Trypanosoma cruzi; vaccine; immunity
Swimming against the current: genetic vaccination against Trypanosoma cruzi infection in mice
Mauricio M RodriguesI,+ + Corresponding author: mrodrigues@unifesp.br ; Bruna C de AlencarI; Carla ClaserI; Fanny TzelepisI; Eduardo L SilveiraI; Filipe A HaollaI; Mariana R DominguezI; José Ronnie VasconcelosI, II, III
ICentro Interdisciplinar de Terapia Gênica (CINTERGEN)

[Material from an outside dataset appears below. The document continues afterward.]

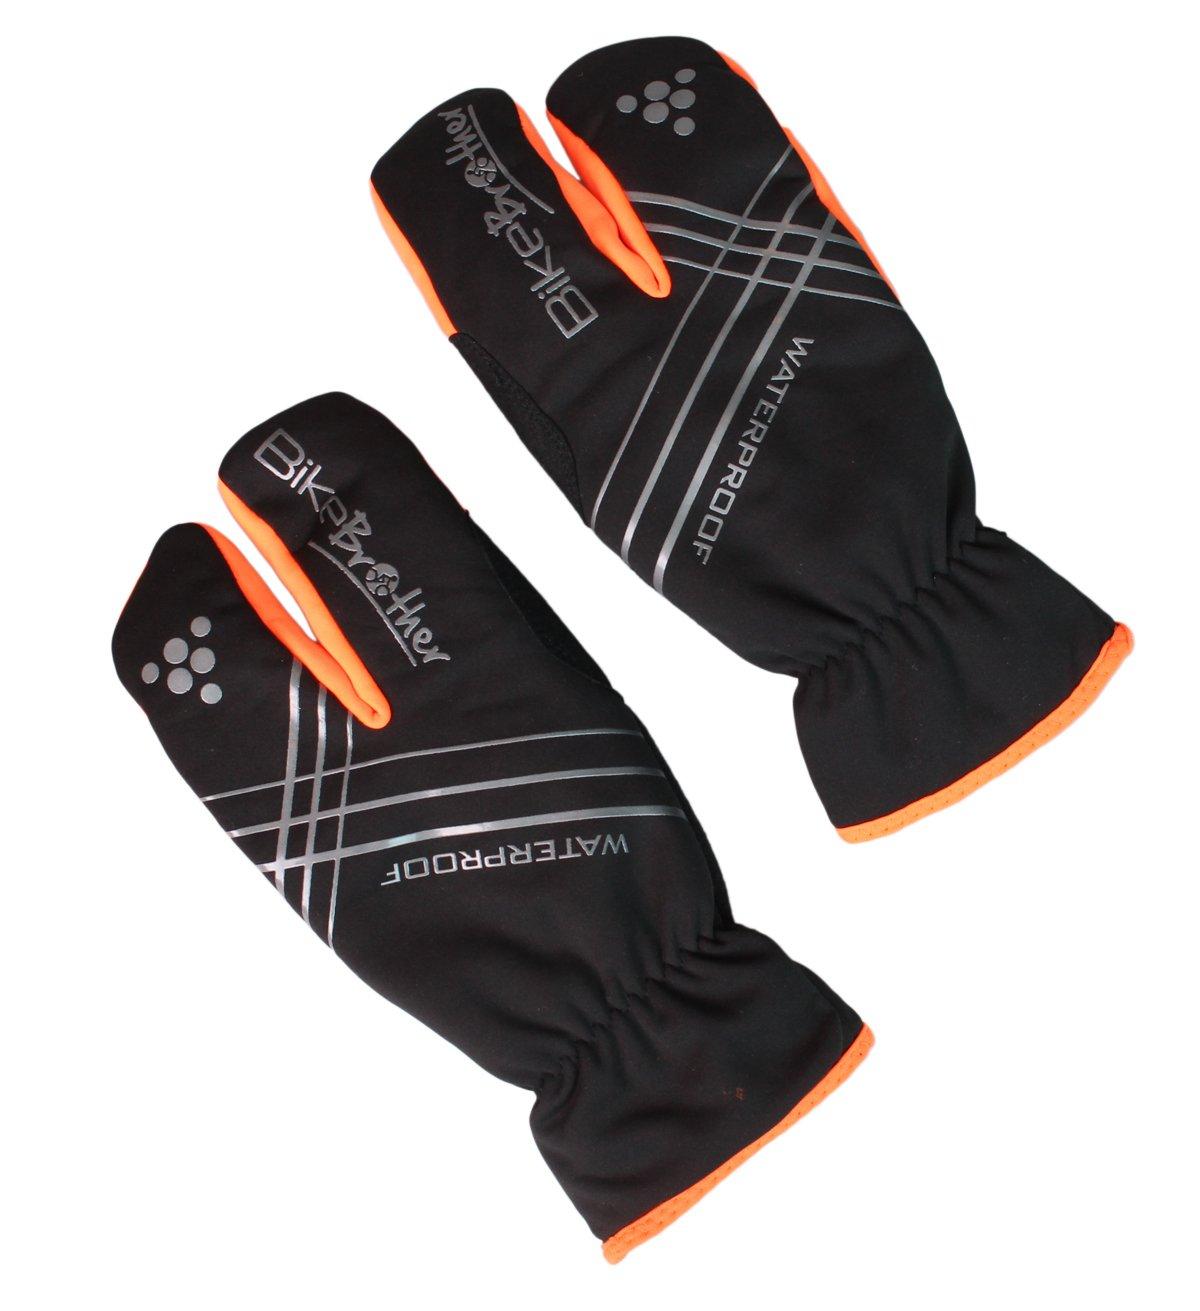 BikeBrother Lobster Handsker Sort/Orange - 199,00 | Gloves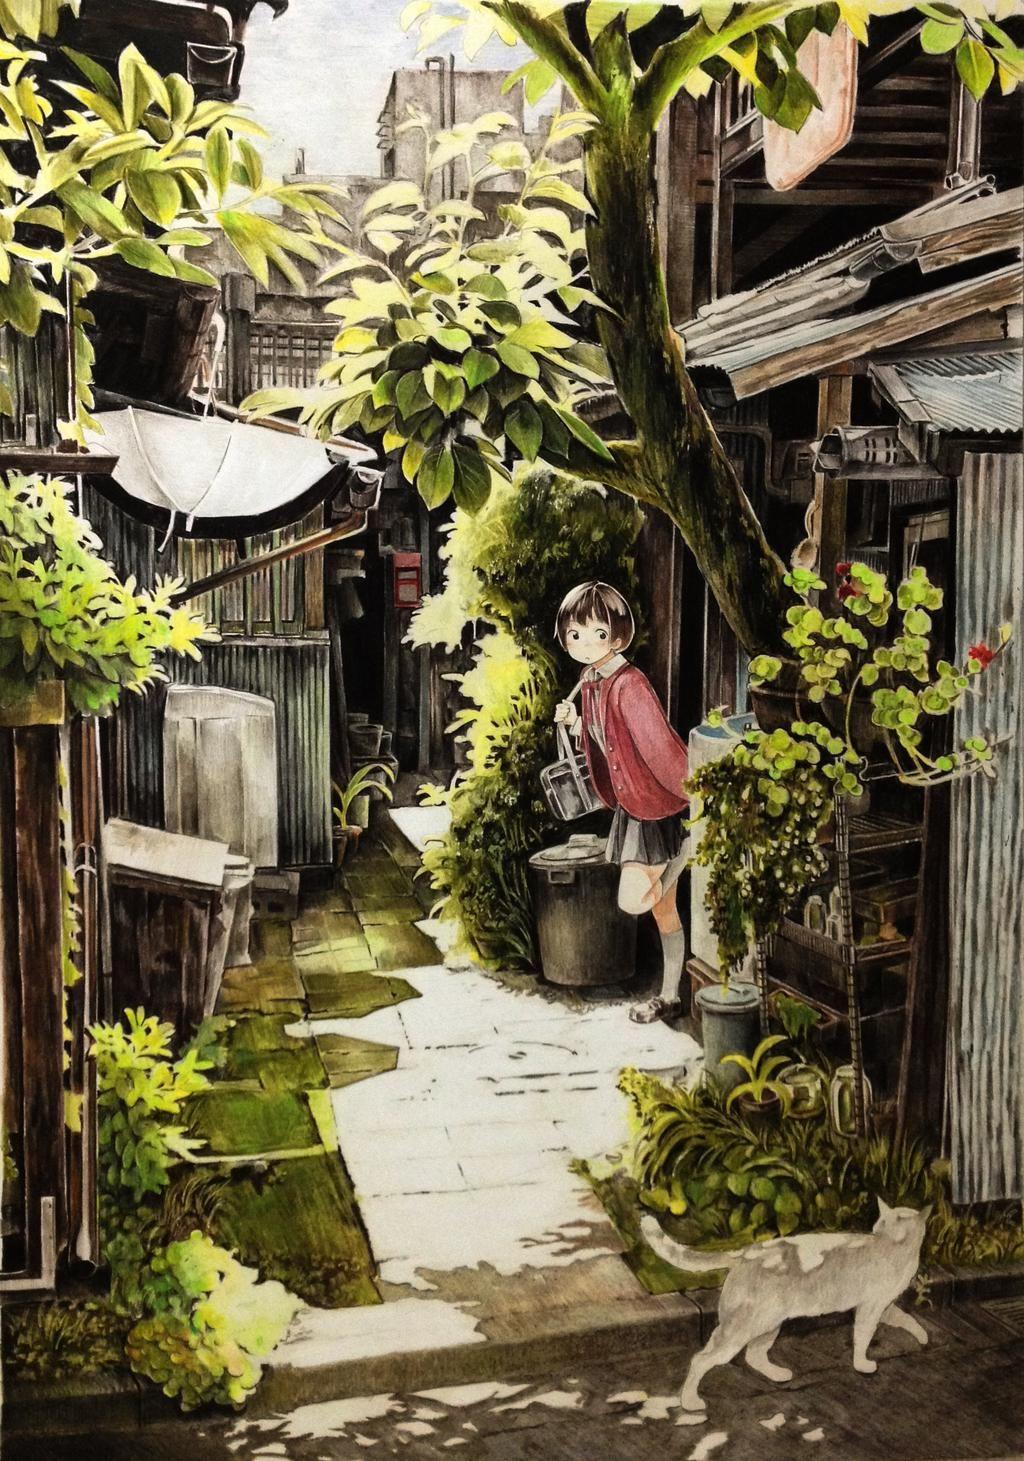 かたひー(カタヒラシュンシ)色鉛筆絵描き (@katahi_0829) | 風景 | pinterest

IIDepartamento de Microbiologia, Imunologia e Parasitologia, Universidade Federal de São Paulo, Escola Paulista de Medicina, Rua Mirassol 207, 04044-010 São Paulo, SP, Brasil
IIIDepartamento de Imunologia, Instituto de Ciências Biomédicas, Universidade de São Paulo, São Paulo, SP, Brasil
ABSTRACT
Vaccines have had an unquestionable impact on public health during the last century. The most likely reason for the success of vaccines is the robust protective properties of specific antibodies. However, antibodies exert a strong selective pressure and many microorganisms, such as the obligatory intracellular parasite Trypanosoma cruzi, have been selected to survive in their presence. Although the host develops a strong immune response to T. cruzi, they do not clear the infection and instead progress to the chronic phase of the disease. Parasite persistence during the chronic phase of infection is now considered the main factor contributing to the chronic symptoms of the disease. Based on this finding, containment of parasite growth and survival may be one method to avoid the immunopathology of the chronic phase. In this context, vaccinologists have looked over the past 20 years for other immune effector mechanisms that could eliminate these antibody-resistant pathogens. We and others have tested the hypothesis that non-antibody-mediated cellular immune responses (CD4+ Th1 and CD8+ Tc1 cells) to specific parasite antigens/genes expressed by T. cruzi could indeed be used for the purpose of vaccination. This hypothesis was confirmed in different mouse models, indicating a possible path for vaccine development.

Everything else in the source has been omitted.